# [Problem statement]
Leaving out every picture, copy the lines of the material below exactly, from the line containing "Funnytree photography background" through the line containing "Певица Оксана Хожай умерла. Видео".

# [Given information]
'''

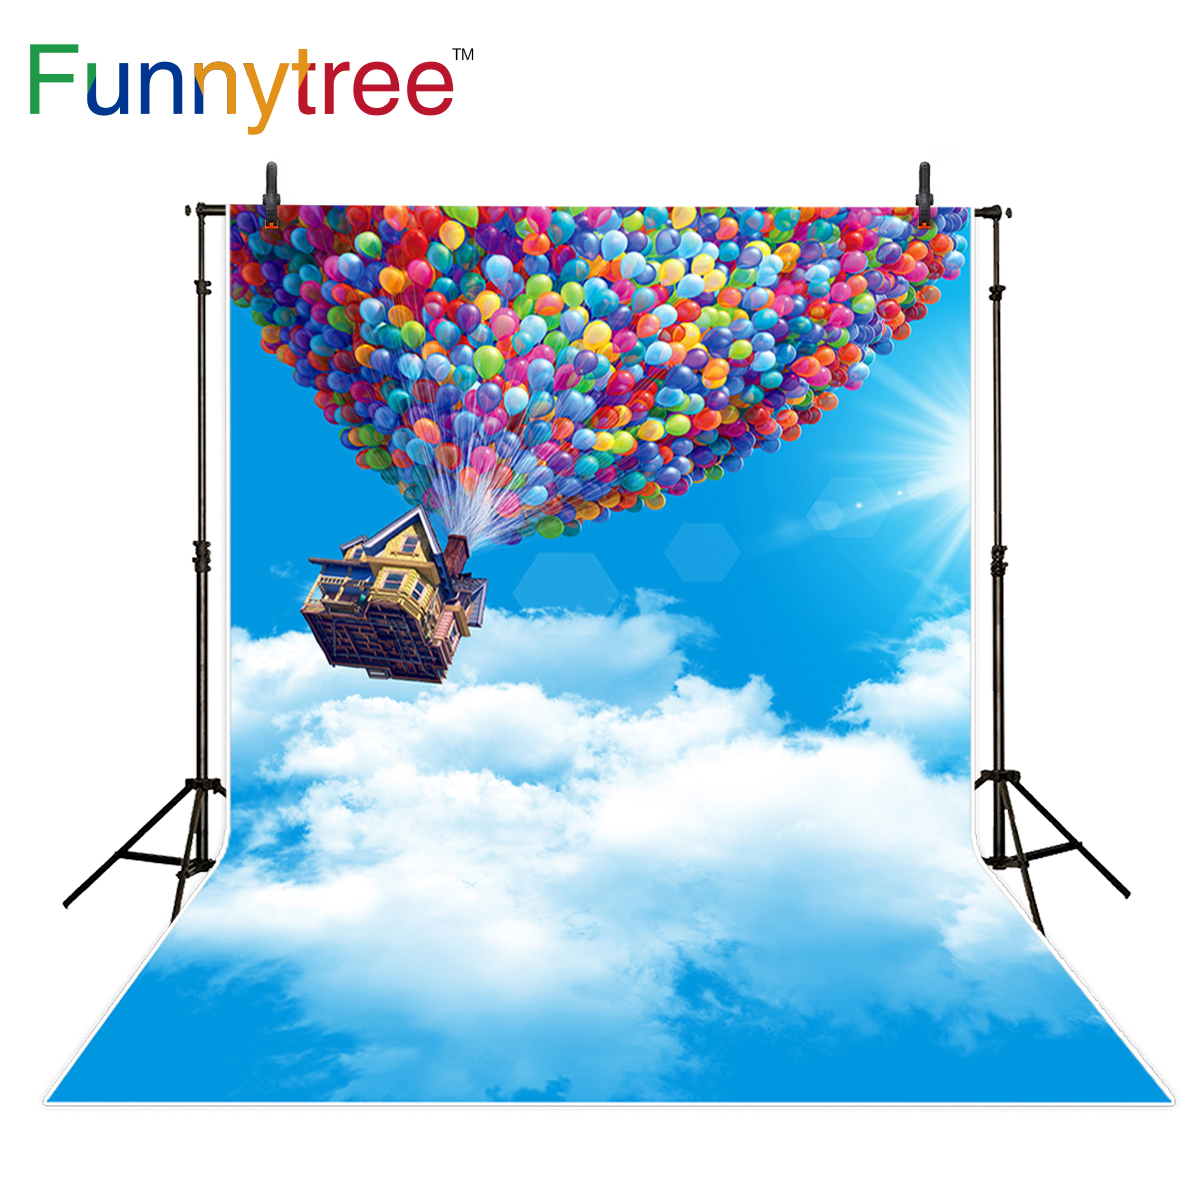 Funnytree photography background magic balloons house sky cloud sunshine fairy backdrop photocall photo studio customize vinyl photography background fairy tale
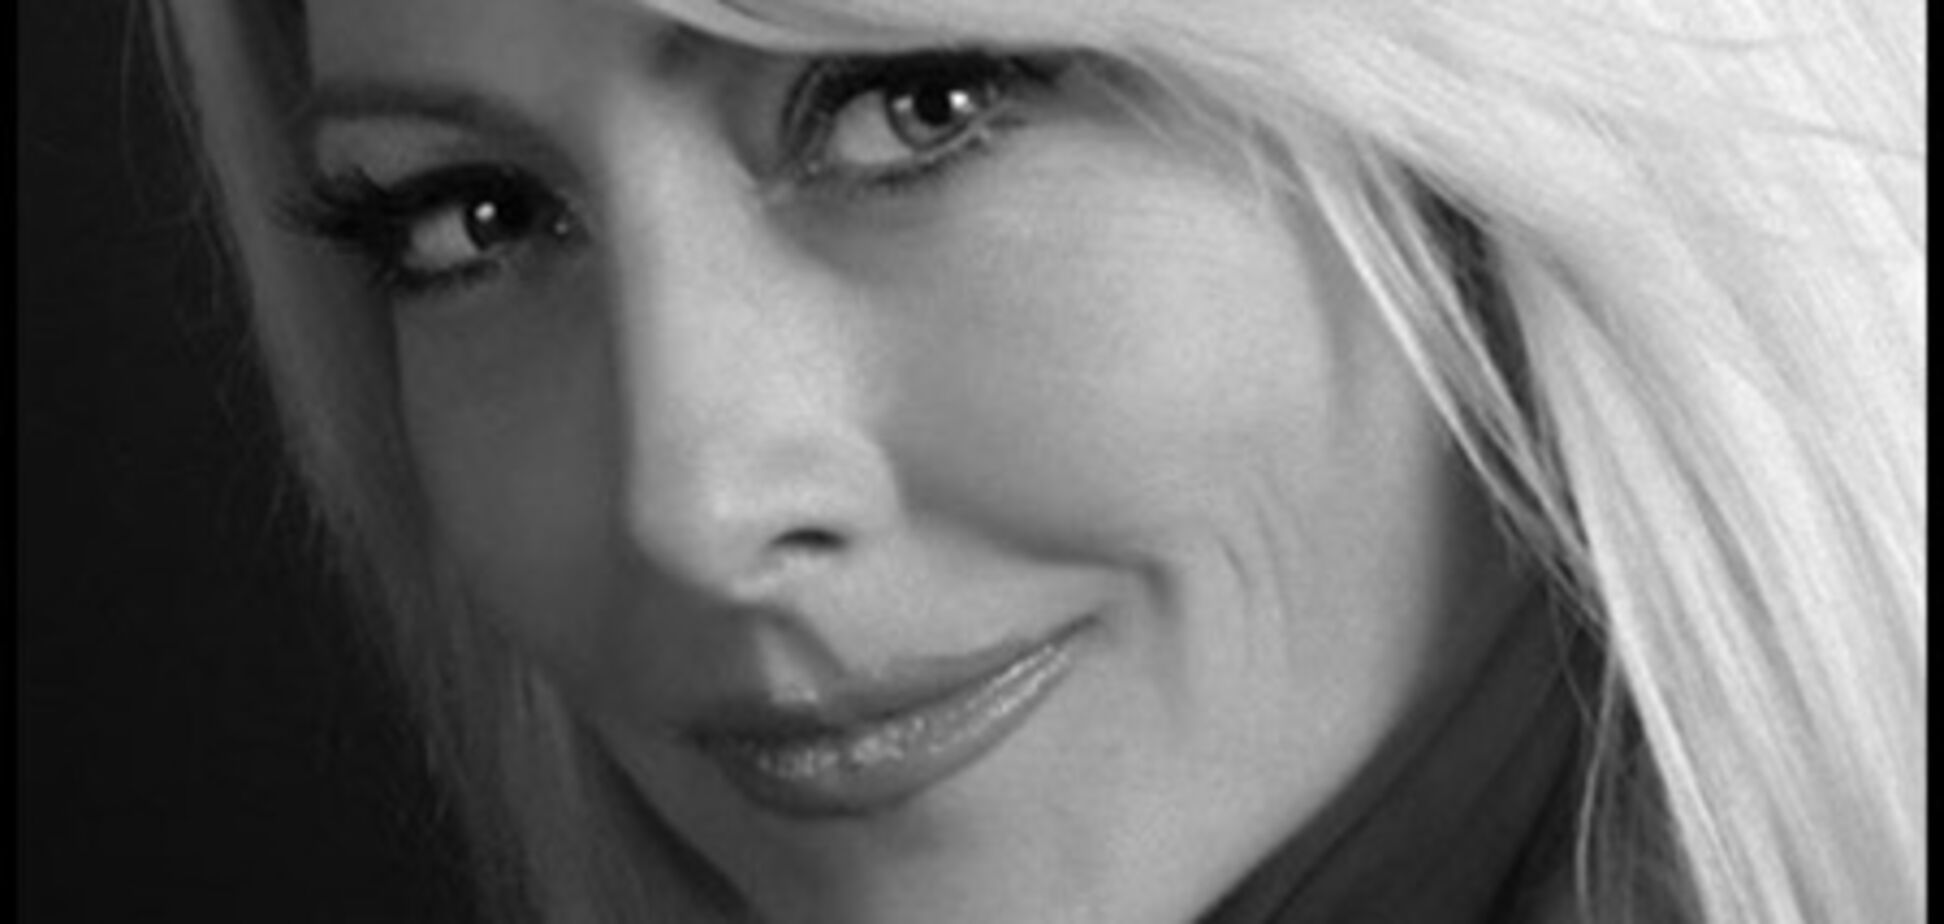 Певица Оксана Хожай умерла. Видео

'''
'''

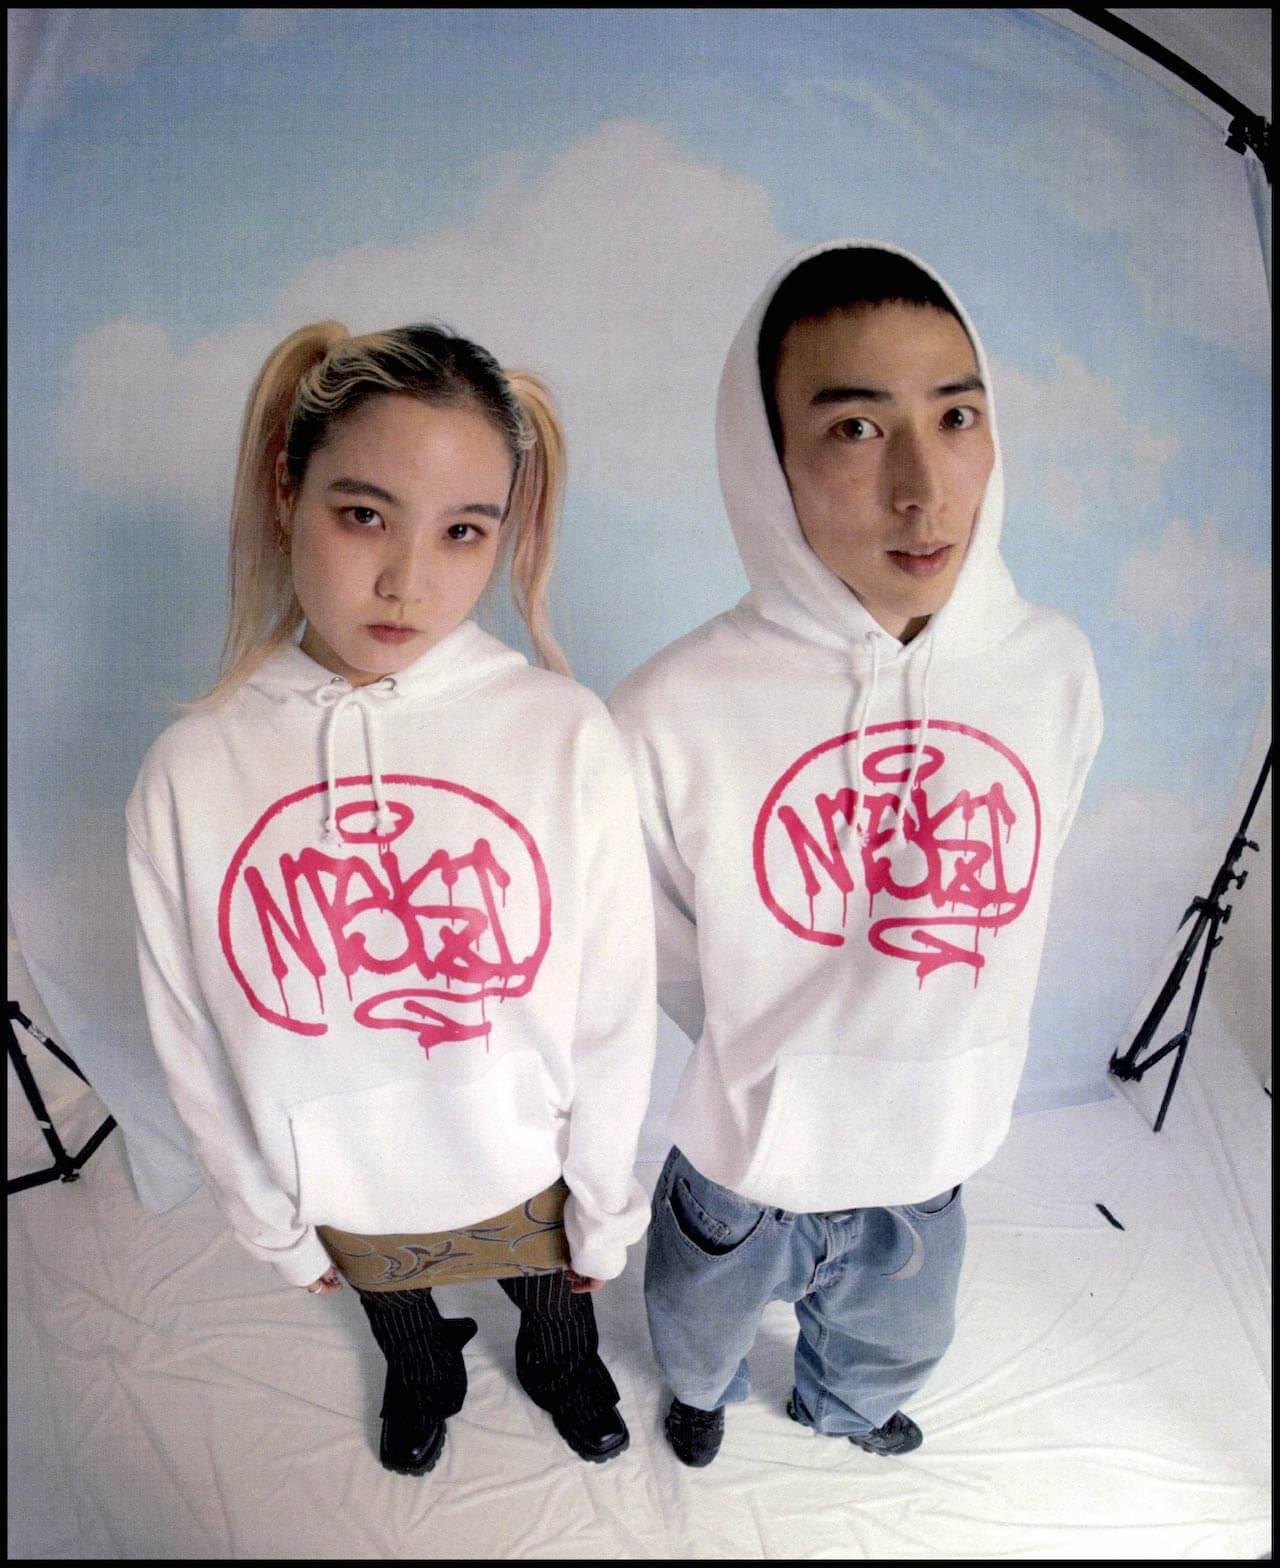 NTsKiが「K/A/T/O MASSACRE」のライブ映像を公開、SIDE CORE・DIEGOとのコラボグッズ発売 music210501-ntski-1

'''

# [Problem solution]
 Funnytree photography background magic balloons house sky cloud sunshine fairy backdrop photocall photo studio customize vinyl photography background fairy tale
 Певица Оксана Хожай умерла. Видео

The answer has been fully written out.